Не хотелось этого признавать, но матушка была права. Как всегда. Никем мне больше не светило стать в этой жизни, и выбор был один: выйти замуж, обеспечив себе и матушке нормальное будущее, или же закончить свои дни с клеймом колдуньи и отшельницы, отвергнутая всеми, включая родную мать.

Пора повзрослеть, Огниша. Пора перестать думать лишь о себе. Пора выполнить обещание и стать, наконец, послушной дочерью.

— Ладно, матушка, — прошептала я. — Сделаю, как ты скажешь.
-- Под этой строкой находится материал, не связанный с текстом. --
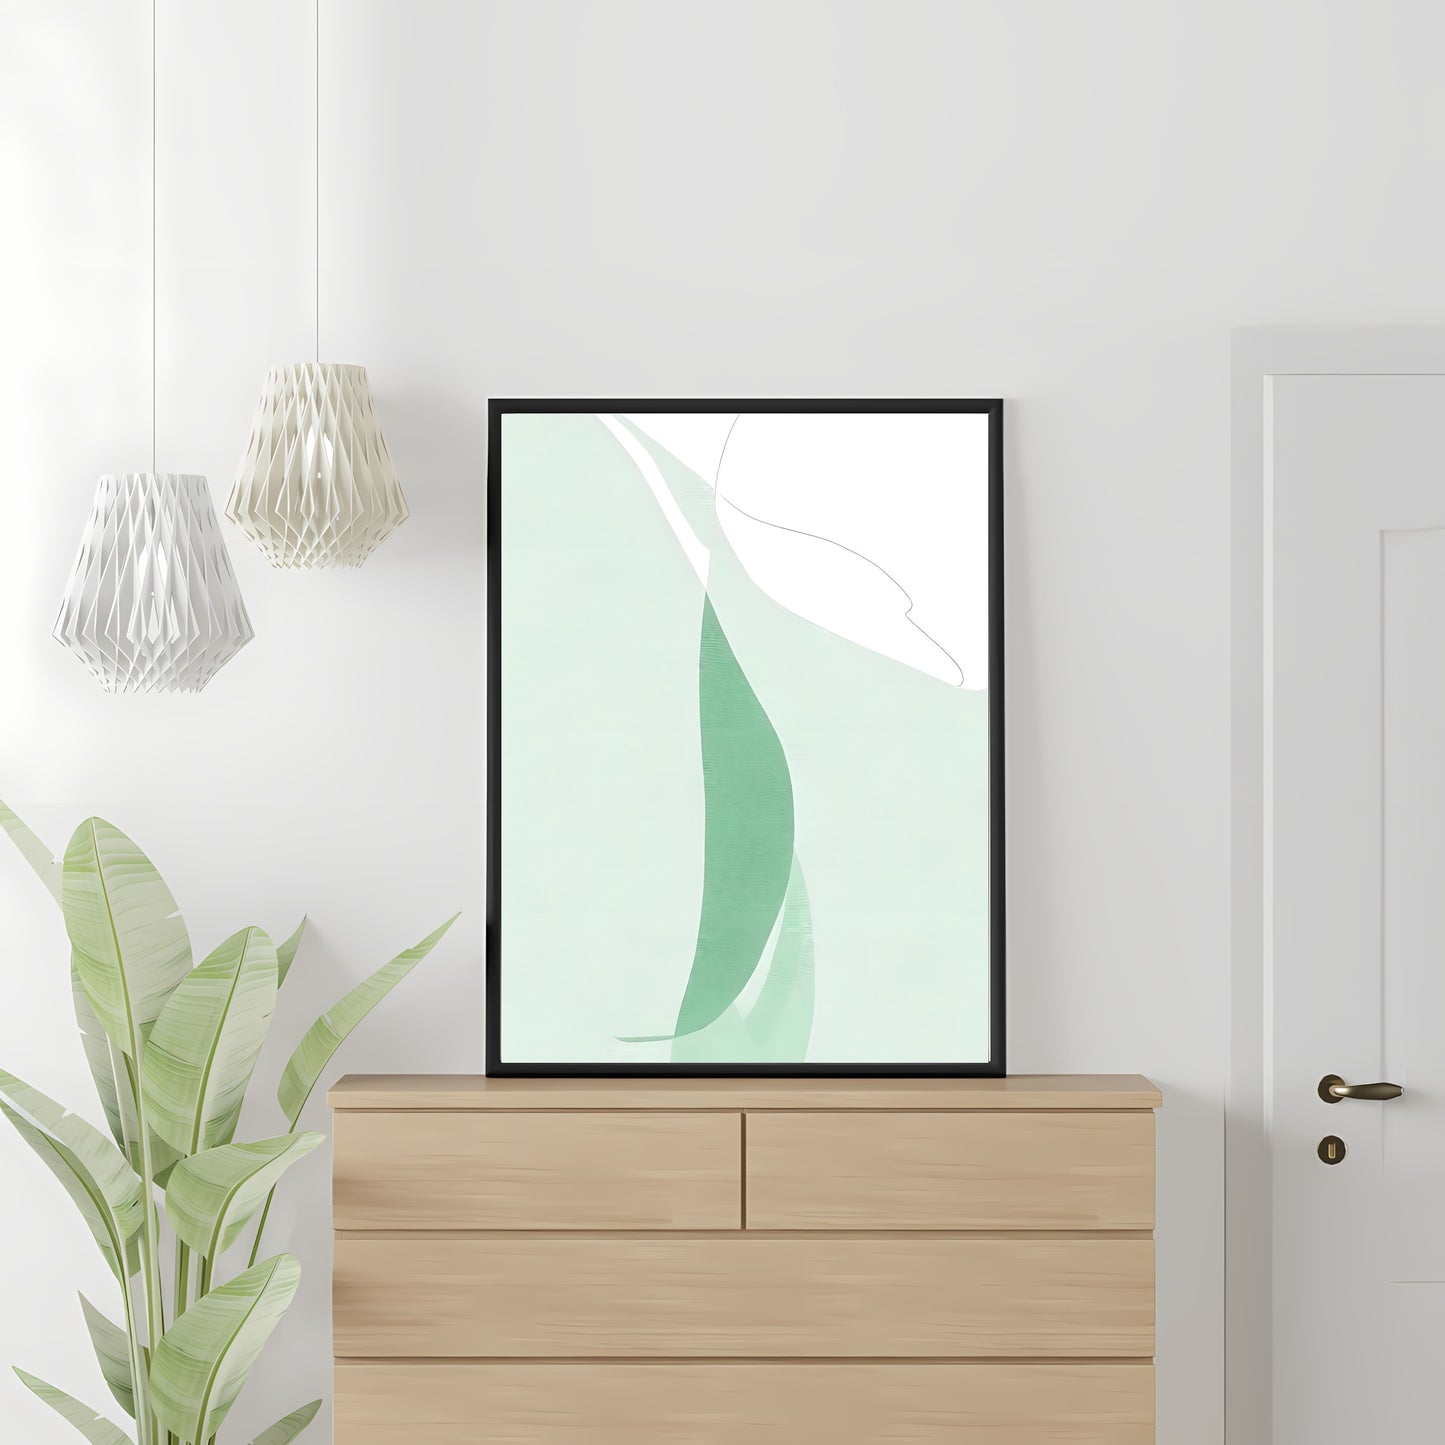 Abstrakte Wandkunst grün weiß moderner minimalistischer Kunstdruck Schlafzimmer Dekor neutrale Töne Papier Posterdruck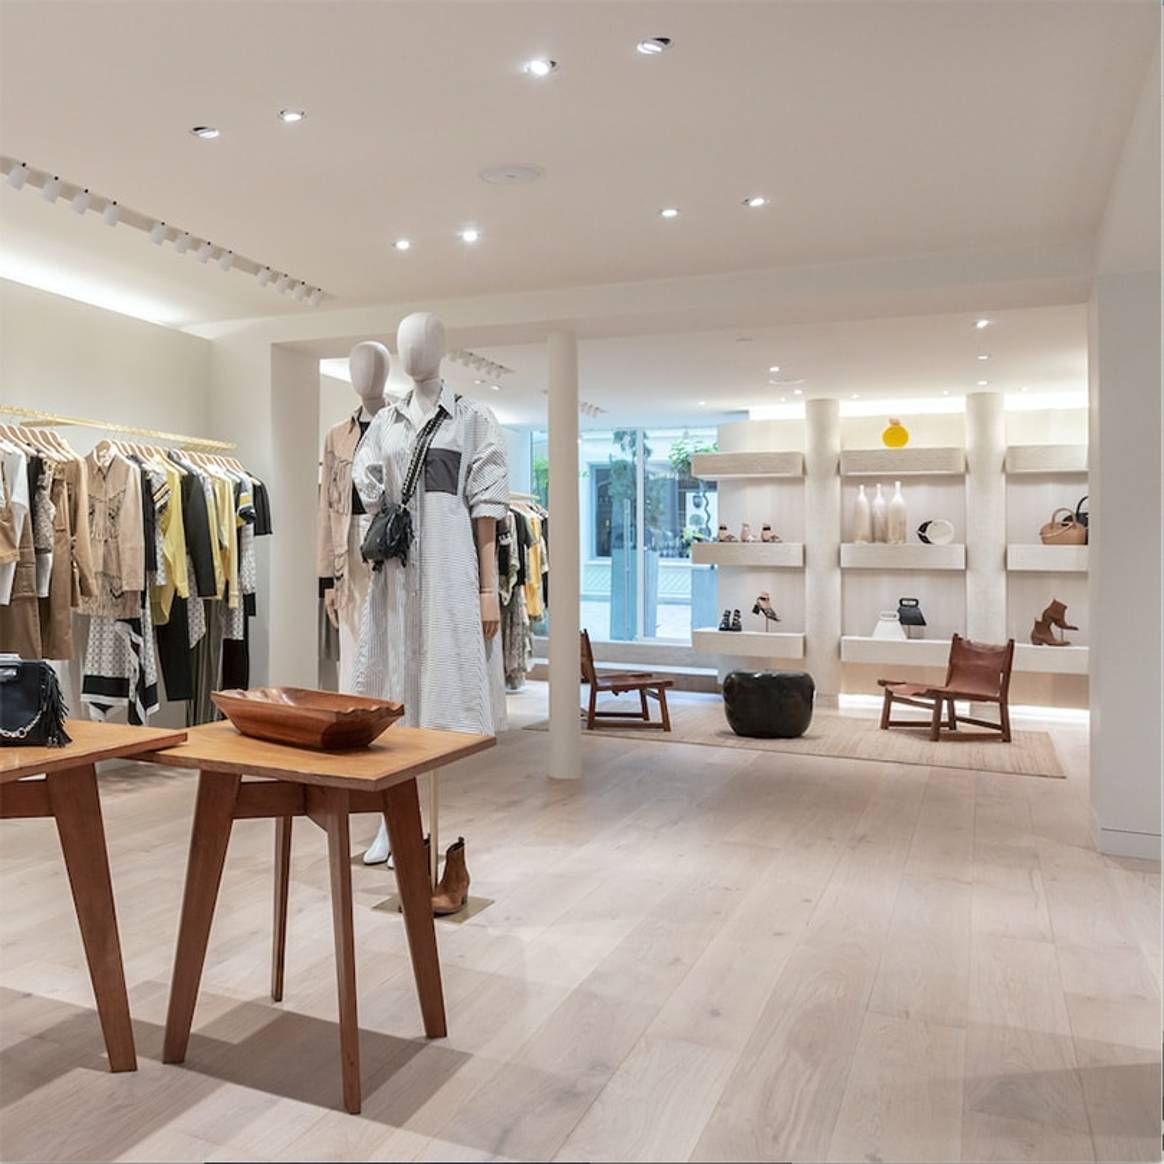 En images : découvrez la nouvelle boutique Maje rue Saint-Honoré

Что-то оборвалось внутри, надломилось. Слезы подкатили к горлу, но я удержала их, лишь разок тихо всхлипнула.

— Ой, не выдумывай! — скривилась матушка, хотя в голосе уже слышалось явное облегчение. — Думаешь, я Ладимира любила? Его отец с моим сговорились, сосватали нас — и все, прощай, дом родной. И что же, стерпелось, слюбилось. — Она отвернулась и с тихой грустью добавила: — Даже и представить не могла, насколько он мне дорог станет.

Покорно склонив голову, пустым голосом я ответила:

— Значит, и я смогу стерпеть.


В день, назначенный для обряда, небо с самого утра затянули облака. В доме было тихо и неприветливо. Прощание с невестой не должно быть радостным, но я вспоминала, как выдавали замуж сестер, и видела: моя свадьба больше остальных походит на похороны. Если послушать старших — так это хороший знак. То, что лишь изображали другие, у нас выходило само собой.

Яромир не стал ждать положенную седмицу и уже через три дня прислал к порогу петуха, а еще свадебный наряд вопреки традициям. Матушка же впервые за долгое время сама испекла курник и отправила его к дому сотника в ответ.

Матушка сама созвала моих подруг — даже тех, кто со мной больше не общался. По счастью, пришло их немного. И теперь по избе разносились унылые обрядовые песни. Их пели девушки, которые не хотели здесь быть, для той, кто не хотел их слушать.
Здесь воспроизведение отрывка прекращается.